A man sitting on a floral-patterned couch, holding a remote control and looking intently at something, while a woman sits beside him, resting her head on her hand, appearing thoughtful or frustrated.

This one came to my mind for *gulp* obvious reasons. Also, I’m going to try to keep these write-ups a little shorter than usual. Not because over-explaining a film that you are simultaneously recommending is inherently contradictory, rendering the format of this column antithetical to its purpose, but because I am running out of napkin space. 

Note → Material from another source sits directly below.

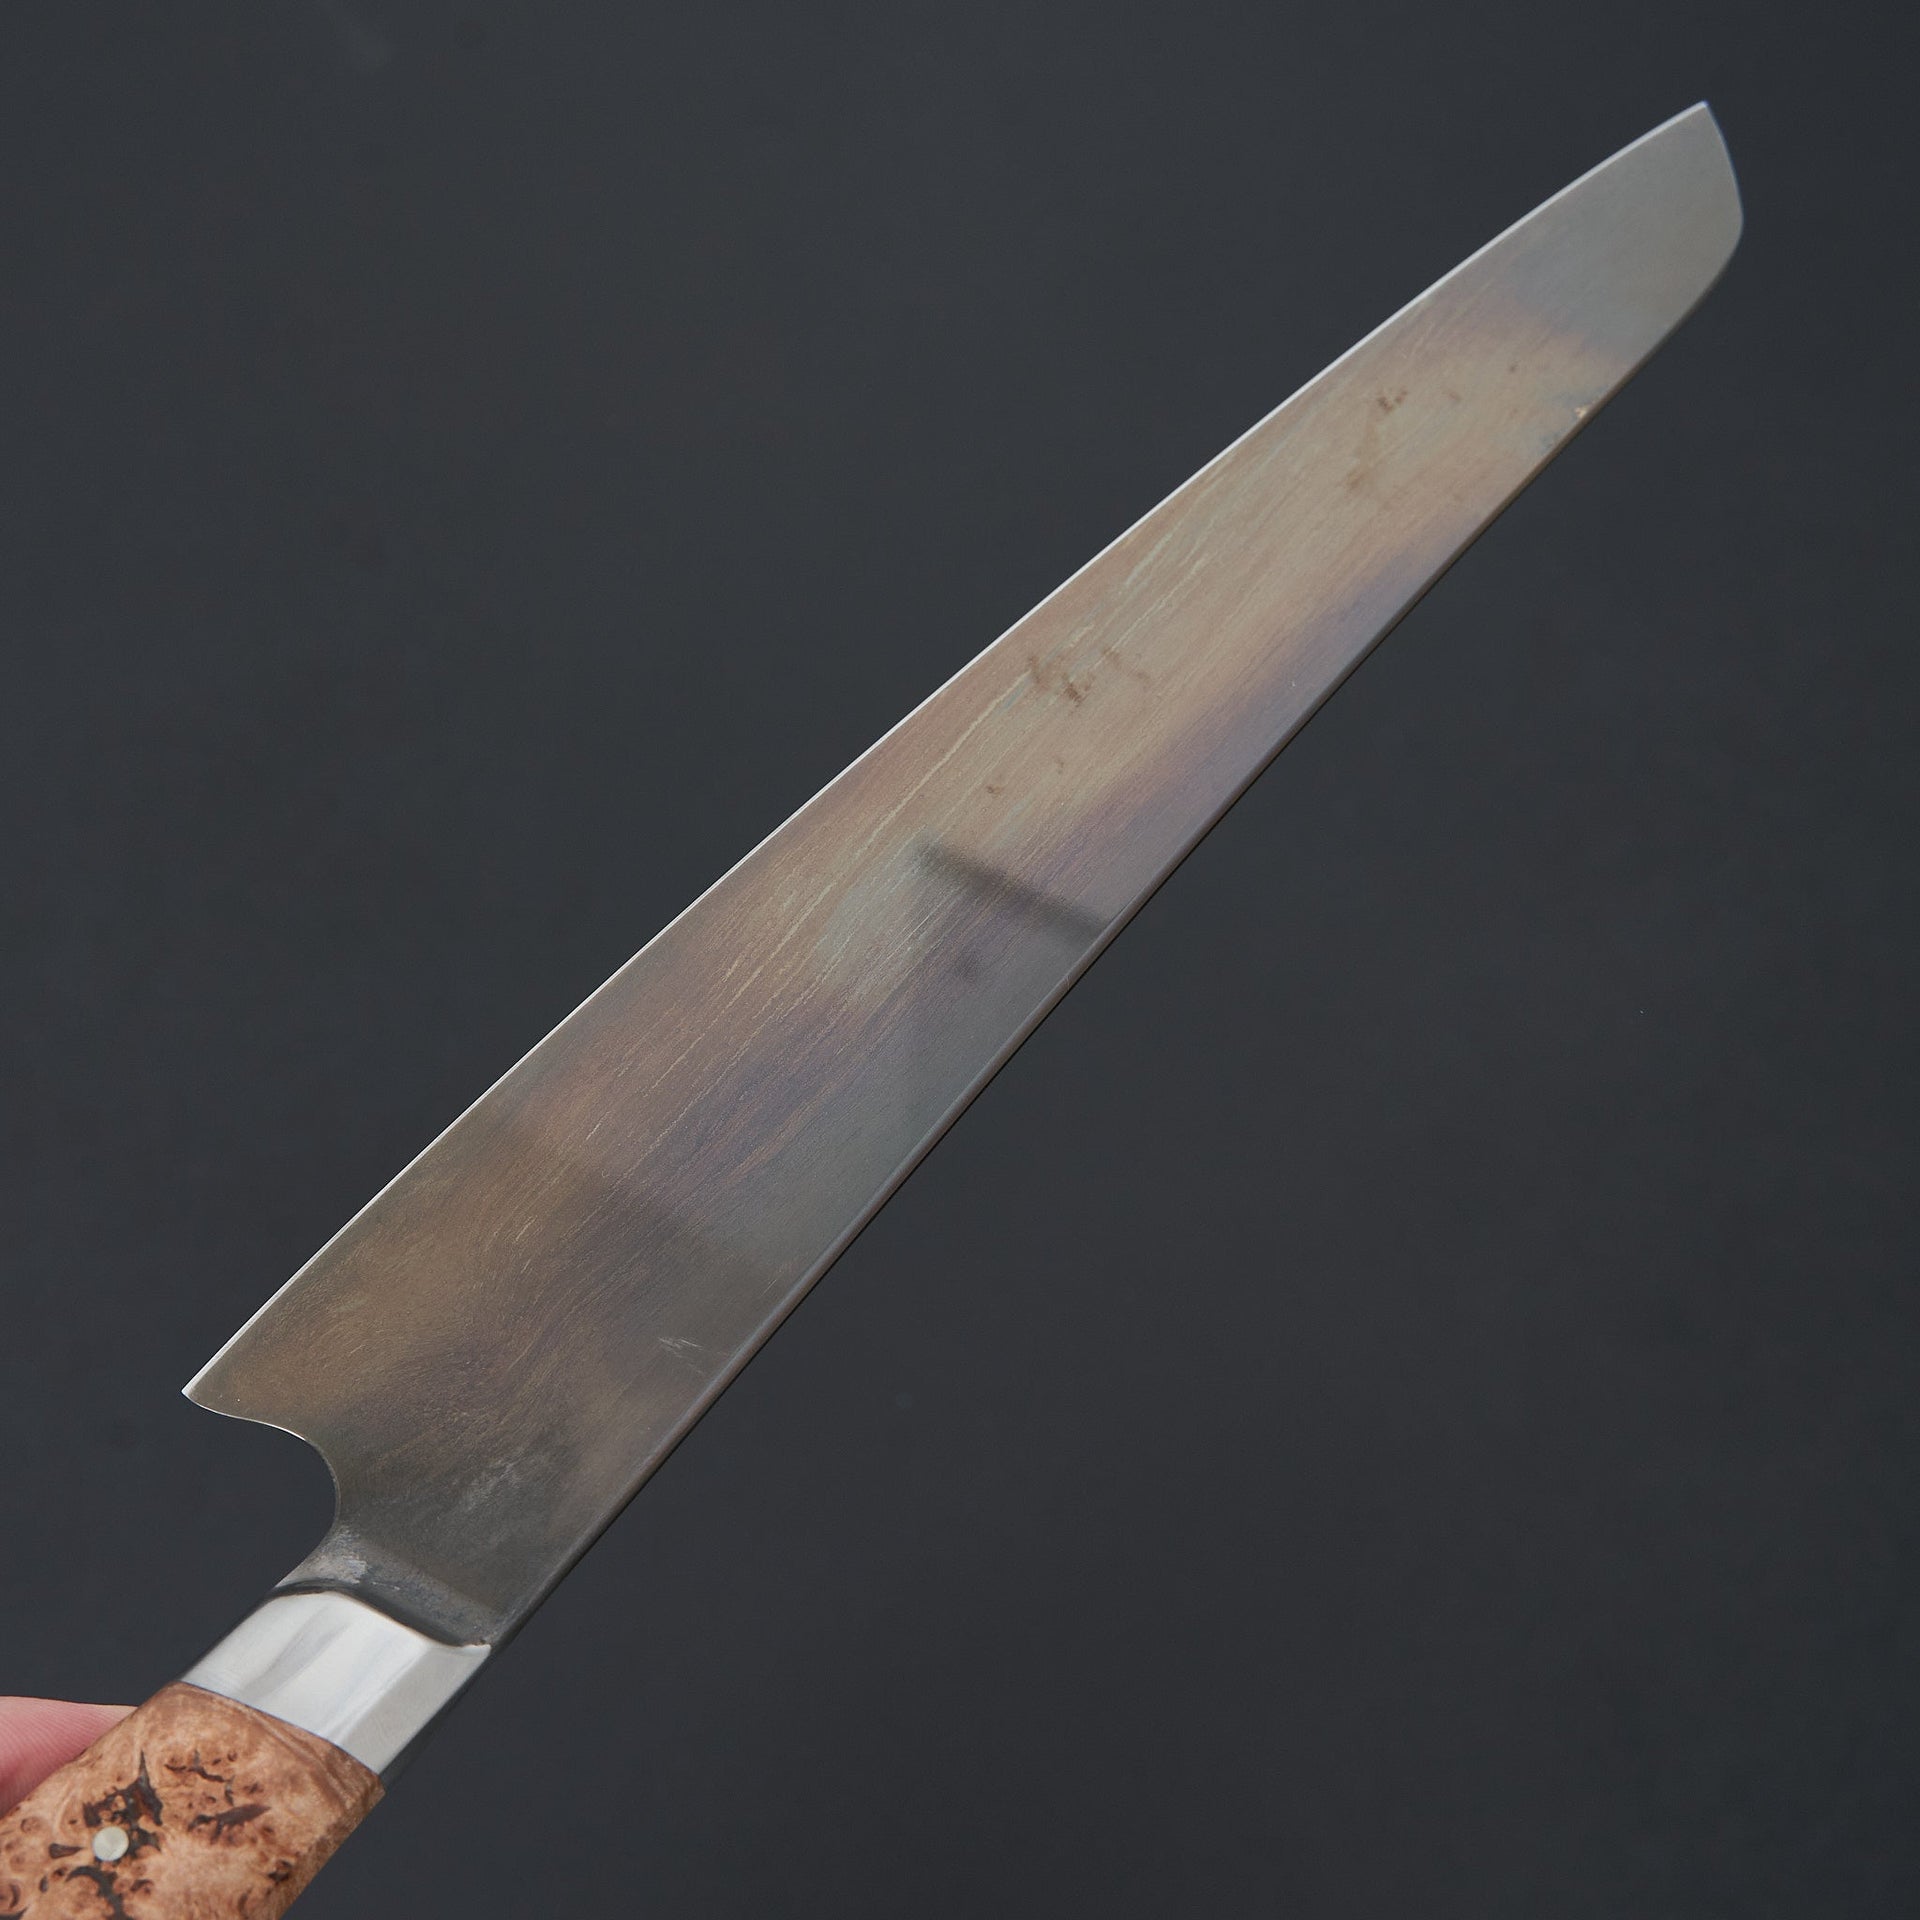 STEELPORT Knife Co. 10" Slicing Knife-Knife-STEELPORT Knife Co.-Carbon Knife Co
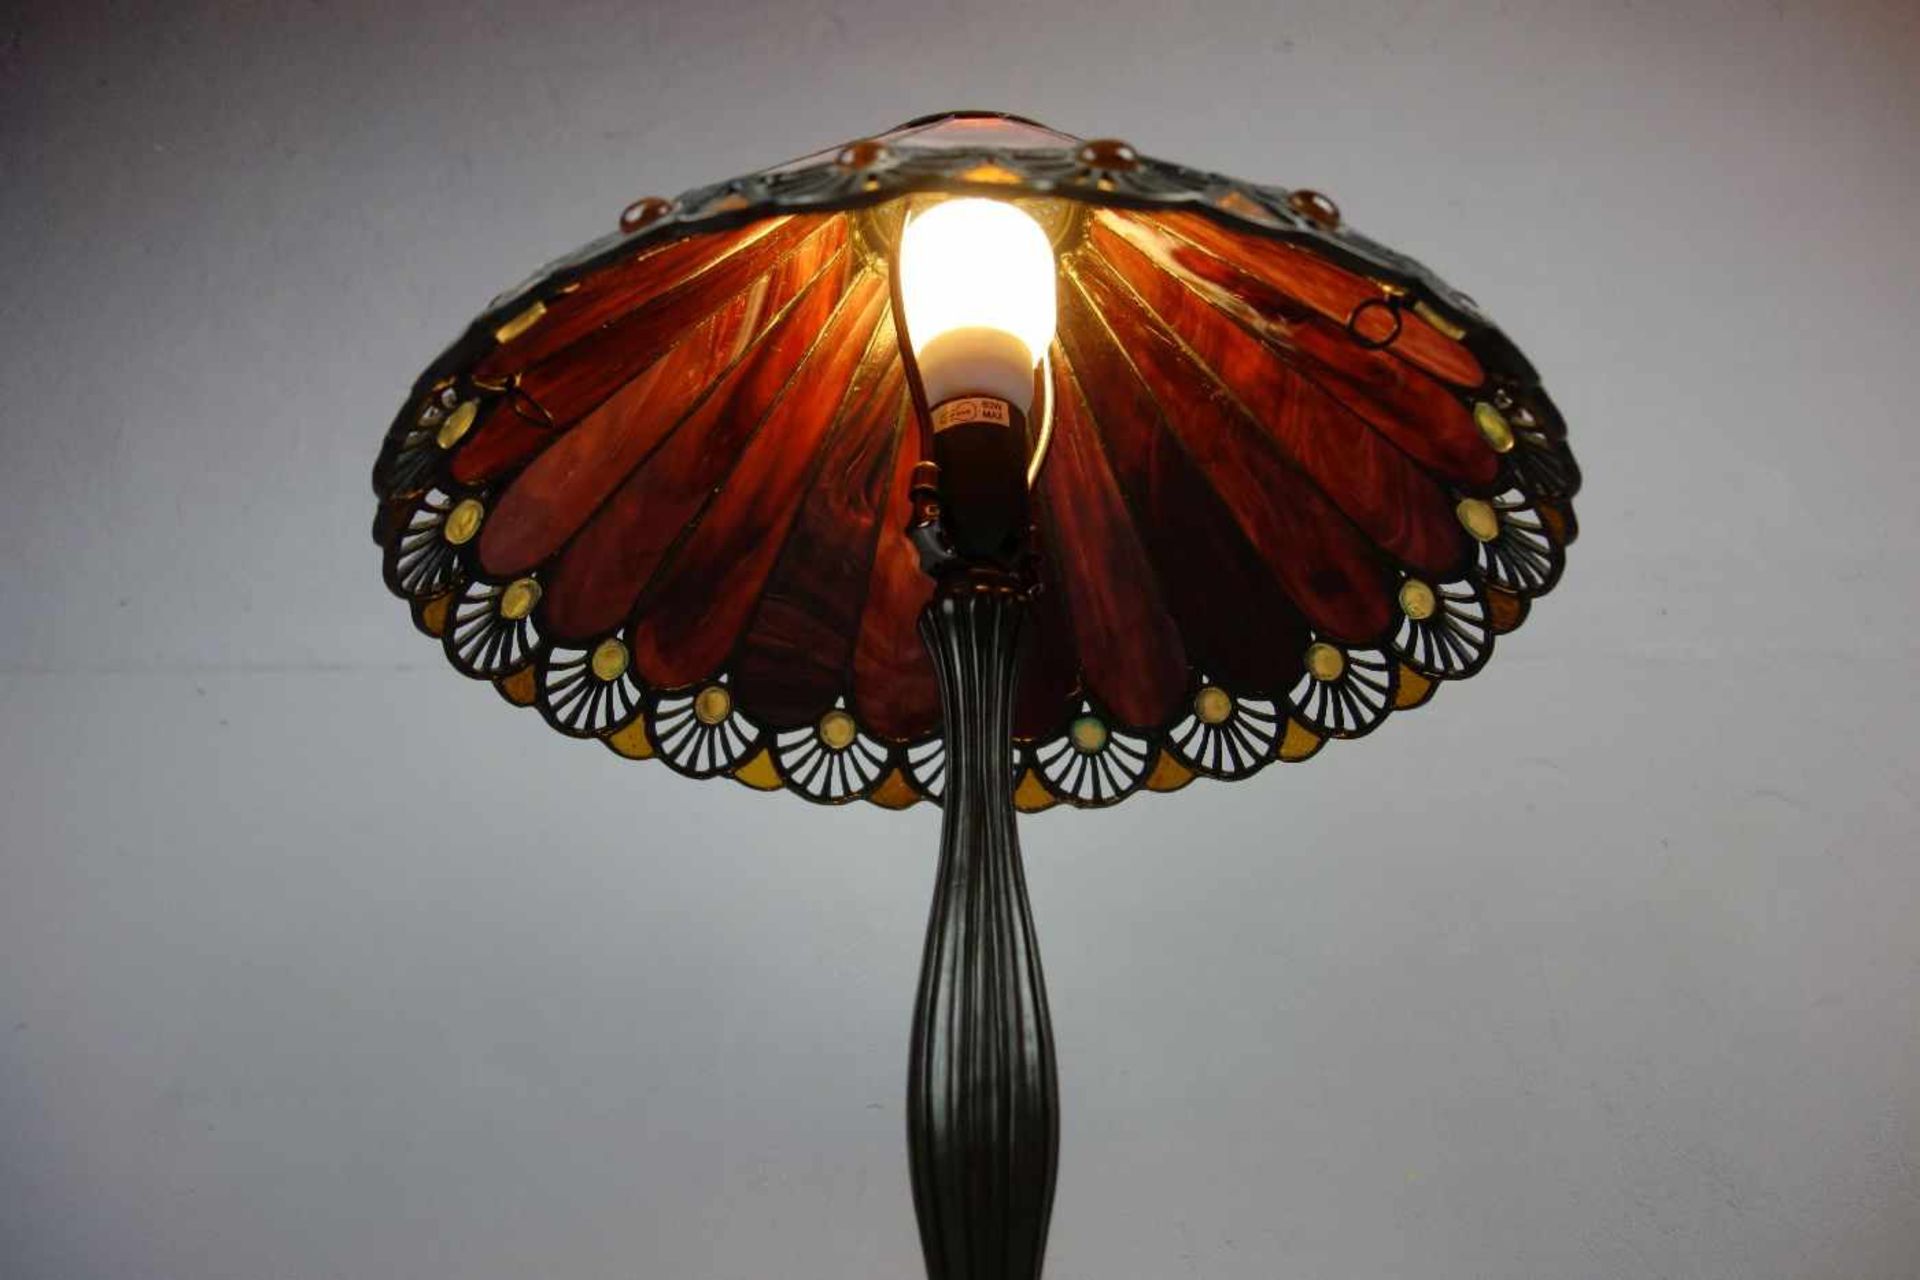 LAMPE / TISCHLAMPE im Stil einer Tiffany-Lampe, 2. H. 20. Jh., bronzierter Massefuß in - Bild 2 aus 4

Picture this: a sad-sap voyeur named Terry (David Arquette) stands at the edge of a bridge ready to do one of those trendy Norwegian Instagram death dives. Nick (Brad Hunt), who is the most Nick-looking guy of all time and one of Terry’s unknowing peep subjects, walks by and asks for Terry’s watch. With some slick talk, Nick convinces Terry to trade his watch for a handful of painless sleeping pills. Terry gobbles them down at Nick’s apartment but gets cold feet. Nick drops him off at the hospital, and Terry later realizes he’s been duped out of eternal silence with vitamins. After confronting Nick and his dazzling new watch, Terry learns that Nick is terminally ill. That’s when Nick offers an arrangement: in exchange for a little help realizing a road trip odyssey of adult make-a-wish fantasies, Nick will either: A) sign Terry on as the beneficiary of his $50,000 life insurance policy, or B) Nick will play grim reaper for Terry.

The dark dynamic of a dying man constantly tormenting a suicidal coward for not truly wanting to leave this world embues this flick with a necessary wit and weight. Aside from its beginning, Dream With The Fishes touches on the familiar beats of the bucket list genre, but it looks damn good while doing so. The soundtrack is packed with late-90s deep cuts, the voyeurism and heroin keep the atmosphere dark, and Brad Hunt offers a pleasantly manic sex appeal; kind of like a less cringe Tyler Durden. I recommend watching your neighbour watch this film, with your brow tightly tethered to binoculars—sweat plastering your poorly cut bangs to a forehead filled with shame.

It’s Such A Beautiful Day (2012) dir. Don Hertzfeldt

A simple cartoon illustration of a person with a hat, standing near a wall with a door and a small potted plant.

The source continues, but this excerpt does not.